**TASK DETAILS**
Transcribe this listing exactly; omit the pictures.

**GIVEN INFORMATION**
"""
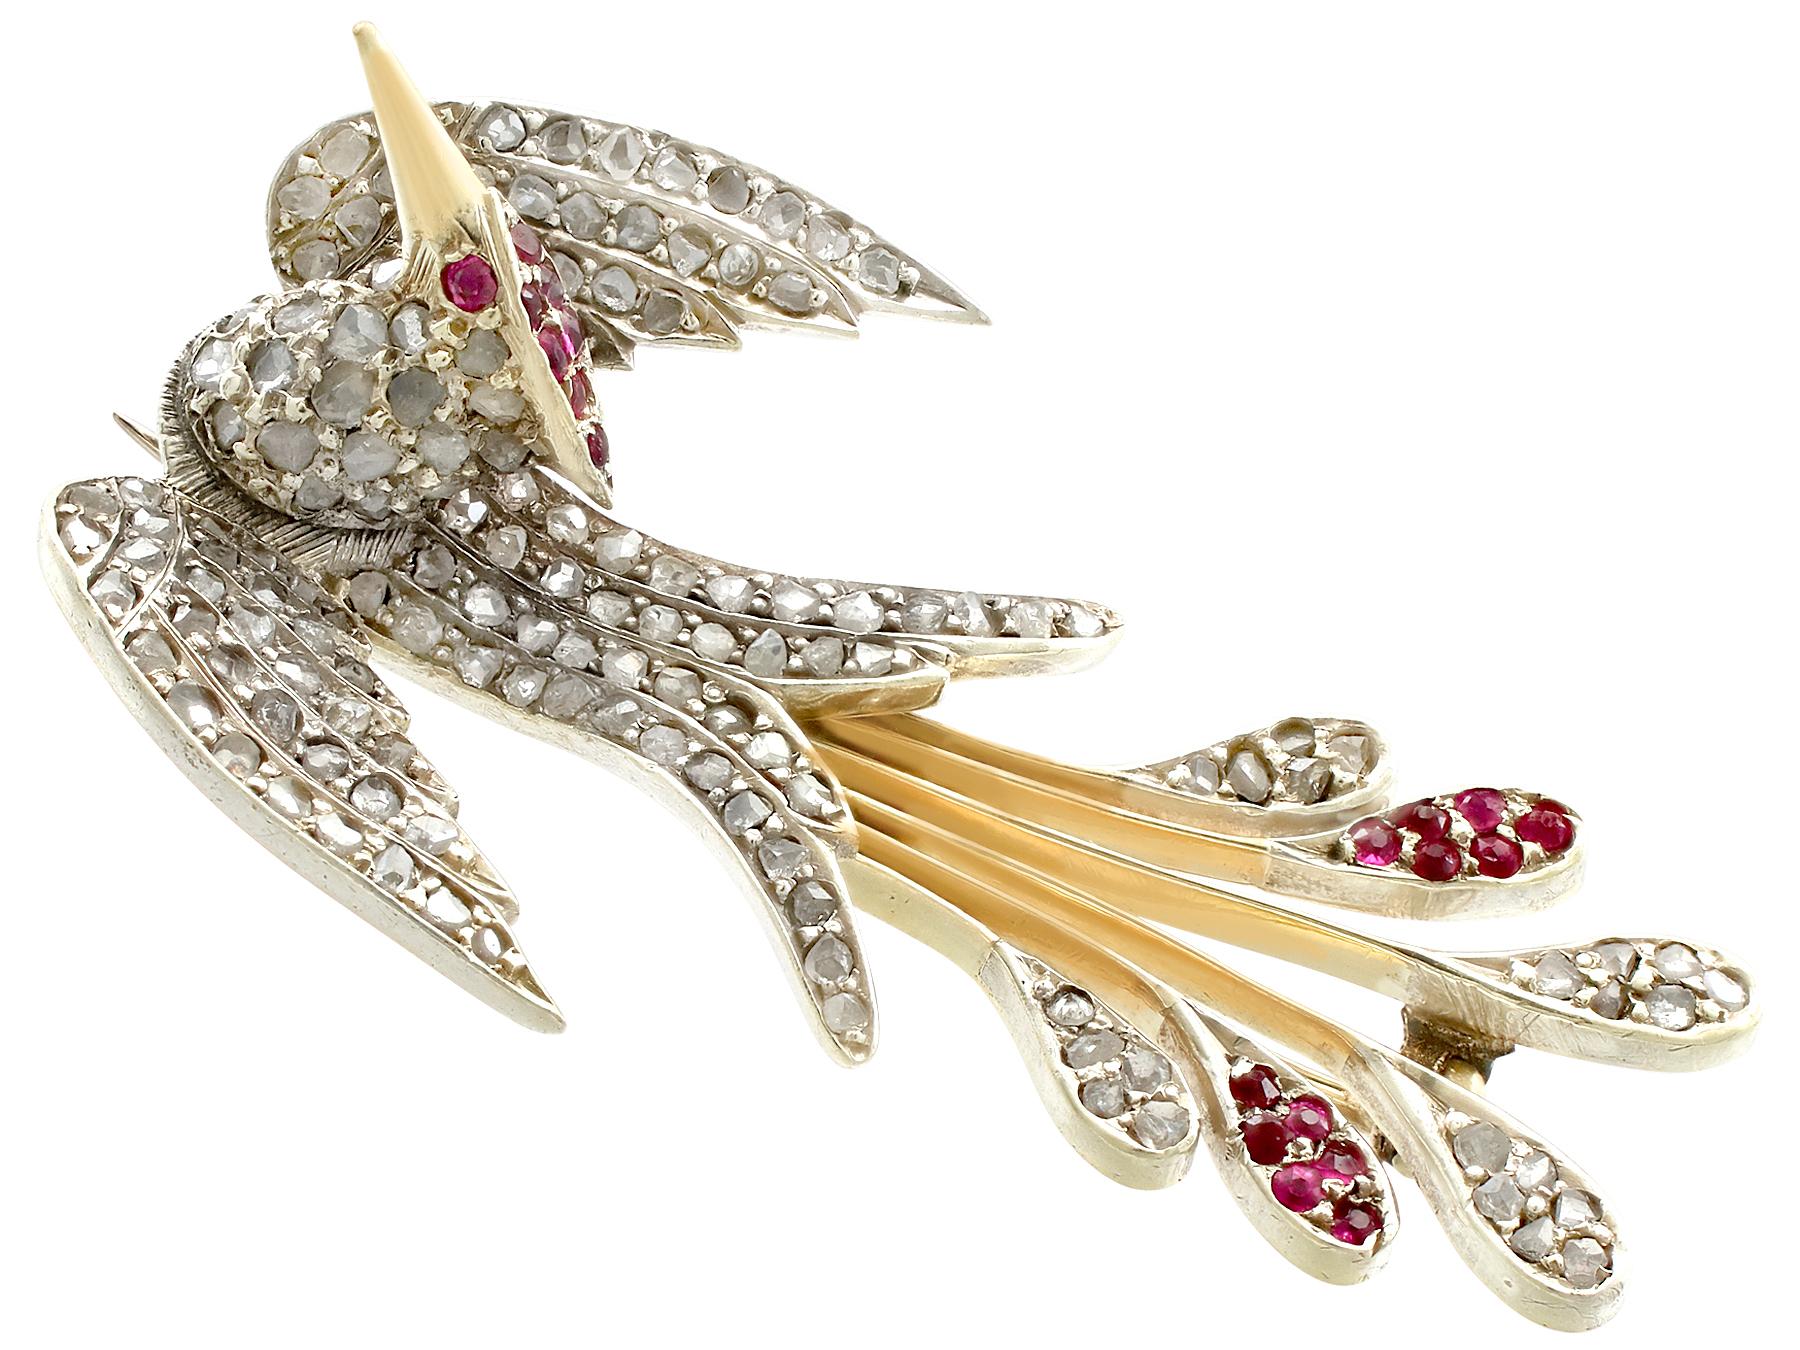 An impressive Victorian 0.23 carat ruby and 0.70 carat diamond, 10 karat yellow gold and silver set bird brooch; part of our diverse antique jewelry and estate jewelry collections.

This fine and impressive antique diamond brooch has been crafted in
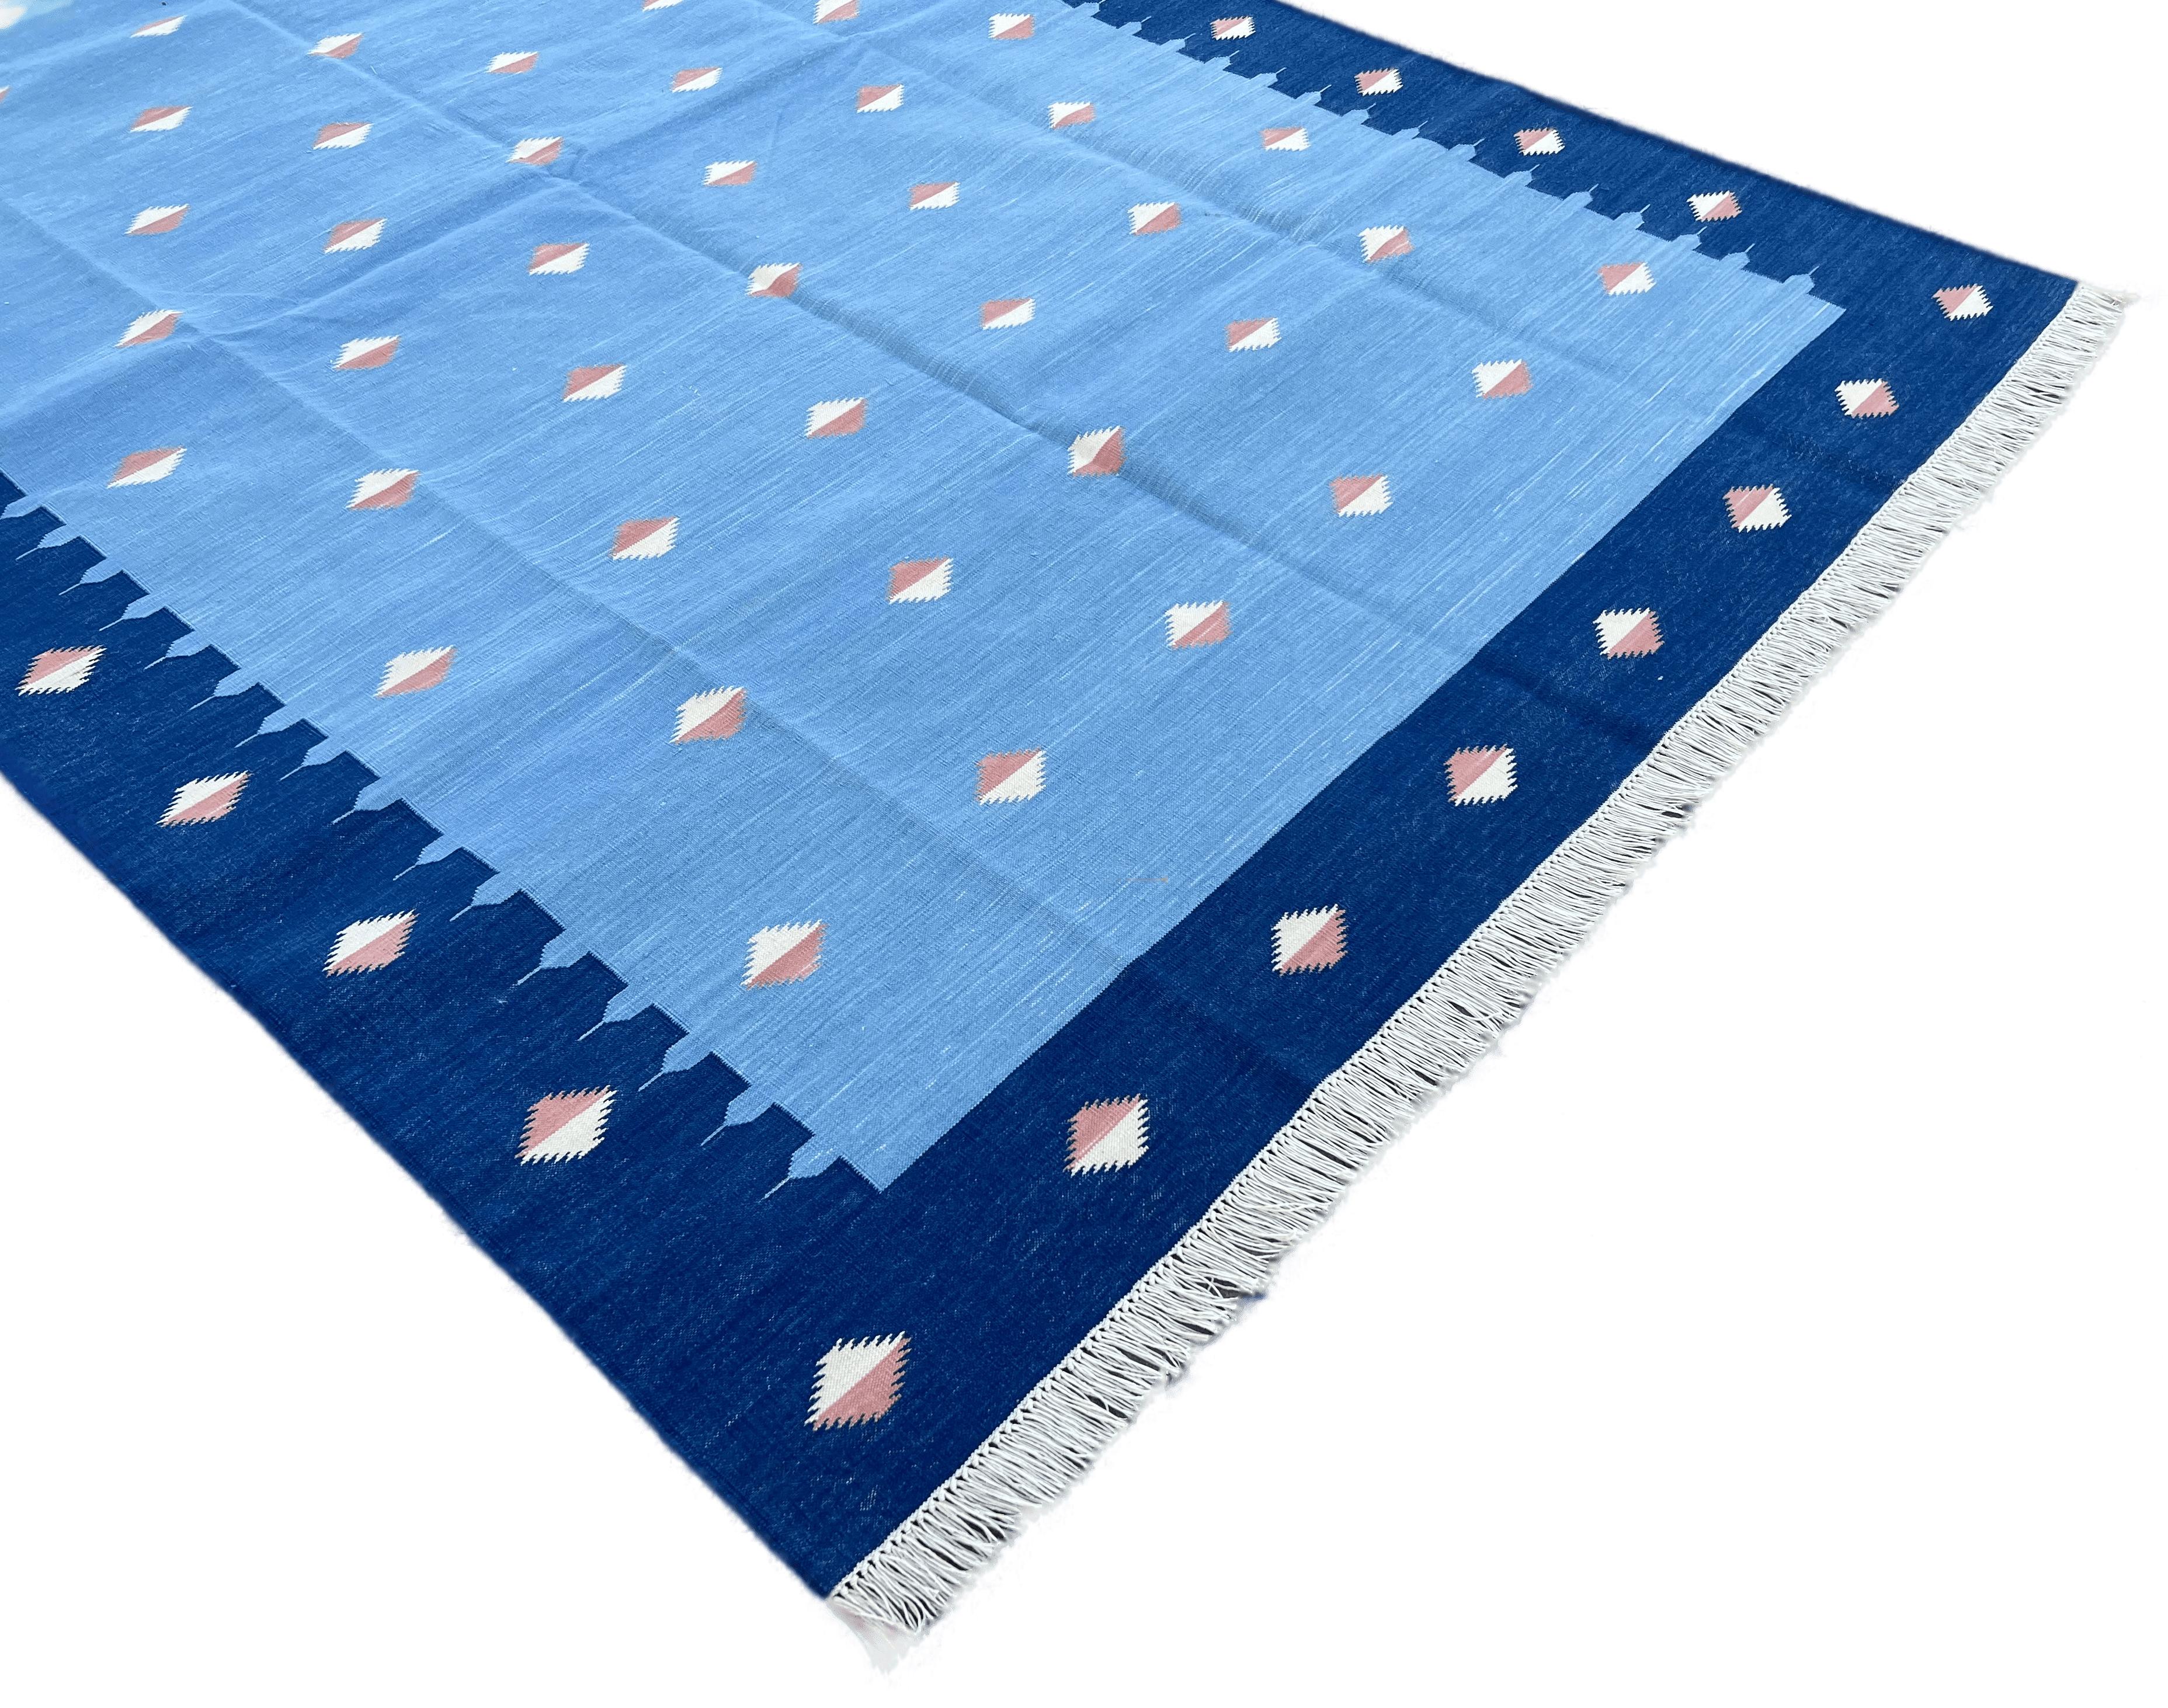 Handmade Cotton Area Flat Weave Rug, 6x9 Blue And Orange Diamond Indian Dhurrie In New Condition For Sale In Jaipur, IN
"""
**EXERCISE OUTPUT**
 An impressive Victorian 0.23 carat ruby and 0.70 carat diamond, 10 karat yellow gold and silver set bird brooch; part of our diverse antique jewelry and estate jewelry collections.

This fine and impressive antique diamond brooch has been crafted in
 Handmade Cotton Area Flat Weave Rug, 6x9 Blue And Orange Diamond Indian Dhurrie In New Condition For Sale In Jaipur, IN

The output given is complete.